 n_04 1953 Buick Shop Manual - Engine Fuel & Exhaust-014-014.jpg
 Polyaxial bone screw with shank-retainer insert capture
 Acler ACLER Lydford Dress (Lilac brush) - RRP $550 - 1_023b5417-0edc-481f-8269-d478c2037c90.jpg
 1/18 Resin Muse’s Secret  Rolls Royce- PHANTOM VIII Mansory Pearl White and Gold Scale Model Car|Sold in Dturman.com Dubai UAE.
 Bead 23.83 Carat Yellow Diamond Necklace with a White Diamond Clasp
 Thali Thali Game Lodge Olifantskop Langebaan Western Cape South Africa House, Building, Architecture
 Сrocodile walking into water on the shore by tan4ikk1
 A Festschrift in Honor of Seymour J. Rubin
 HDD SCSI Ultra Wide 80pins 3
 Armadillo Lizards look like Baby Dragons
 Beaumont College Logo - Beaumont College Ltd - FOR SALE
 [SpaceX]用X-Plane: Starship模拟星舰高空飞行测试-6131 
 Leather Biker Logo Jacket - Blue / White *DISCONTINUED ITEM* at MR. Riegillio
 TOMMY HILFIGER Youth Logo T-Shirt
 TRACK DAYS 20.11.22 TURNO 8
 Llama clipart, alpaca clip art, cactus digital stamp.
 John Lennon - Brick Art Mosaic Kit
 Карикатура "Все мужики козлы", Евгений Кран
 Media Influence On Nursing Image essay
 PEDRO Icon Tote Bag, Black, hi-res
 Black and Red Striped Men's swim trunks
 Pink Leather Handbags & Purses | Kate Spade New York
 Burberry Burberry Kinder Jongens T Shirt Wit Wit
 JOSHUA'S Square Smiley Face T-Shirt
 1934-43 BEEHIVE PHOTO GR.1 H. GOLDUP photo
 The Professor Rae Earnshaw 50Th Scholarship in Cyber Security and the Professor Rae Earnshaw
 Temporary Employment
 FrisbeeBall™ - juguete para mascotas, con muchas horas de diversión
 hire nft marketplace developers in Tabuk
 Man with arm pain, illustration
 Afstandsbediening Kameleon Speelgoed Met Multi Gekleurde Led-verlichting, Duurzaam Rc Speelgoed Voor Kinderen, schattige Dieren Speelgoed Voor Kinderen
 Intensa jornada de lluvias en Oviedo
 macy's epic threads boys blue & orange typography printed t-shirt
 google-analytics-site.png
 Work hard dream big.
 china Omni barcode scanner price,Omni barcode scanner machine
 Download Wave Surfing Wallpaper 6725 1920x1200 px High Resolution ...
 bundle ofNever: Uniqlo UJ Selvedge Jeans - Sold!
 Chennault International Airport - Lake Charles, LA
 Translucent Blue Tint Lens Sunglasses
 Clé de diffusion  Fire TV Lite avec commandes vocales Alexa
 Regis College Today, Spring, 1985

ASSIGNMENT: Please return only the lines above, starting at the line that has "HDD SCSI Ultra Wide 80pins 3" and ending at the line that has "Download Wave Surfing", keeping both and leaving each one unchanged.

EXERCISE RESULT:
 HDD SCSI Ultra Wide 80pins 3
 Armadillo Lizards look like Baby Dragons
 Beaumont College Logo - Beaumont College Ltd - FOR SALE
 [SpaceX]用X-Plane: Starship模拟星舰高空飞行测试-6131 
 Leather Biker Logo Jacket - Blue / White *DISCONTINUED ITEM* at MR. Riegillio
 TOMMY HILFIGER Youth Logo T-Shirt
 TRACK DAYS 20.11.22 TURNO 8
 Llama clipart, alpaca clip art, cactus digital stamp.
 John Lennon - Brick Art Mosaic Kit
 Карикатура "Все мужики козлы", Евгений Кран
 Media Influence On Nursing Image essay
 PEDRO Icon Tote Bag, Black, hi-res
 Black and Red Striped Men's swim trunks
 Pink Leather Handbags & Purses | Kate Spade New York
 Burberry Burberry Kinder Jongens T Shirt Wit Wit
 JOSHUA'S Square Smiley Face T-Shirt
 1934-43 BEEHIVE PHOTO GR.1 H. GOLDUP photo
 The Professor Rae Earnshaw 50Th Scholarship in Cyber Security and the Professor Rae Earnshaw
 Temporary Employment
 FrisbeeBall™ - juguete para mascotas, con muchas horas de diversión
 hire nft marketplace developers in Tabuk
 Man with arm pain, illustration
 Afstandsbediening Kameleon Speelgoed Met Multi Gekleurde Led-verlichting, Duurzaam Rc Speelgoed Voor Kinderen, schattige Dieren Speelgoed Voor Kinderen
 Intensa jornada de lluvias en Oviedo
 macy's epic threads boys blue & orange typography printed t-shirt
 google-analytics-site.png
 Work hard dream big.
 china Omni barcode scanner price,Omni barcode scanner machine
 Download Wave Surfing Wallpaper 6725 1920x1200 px High Resolution ...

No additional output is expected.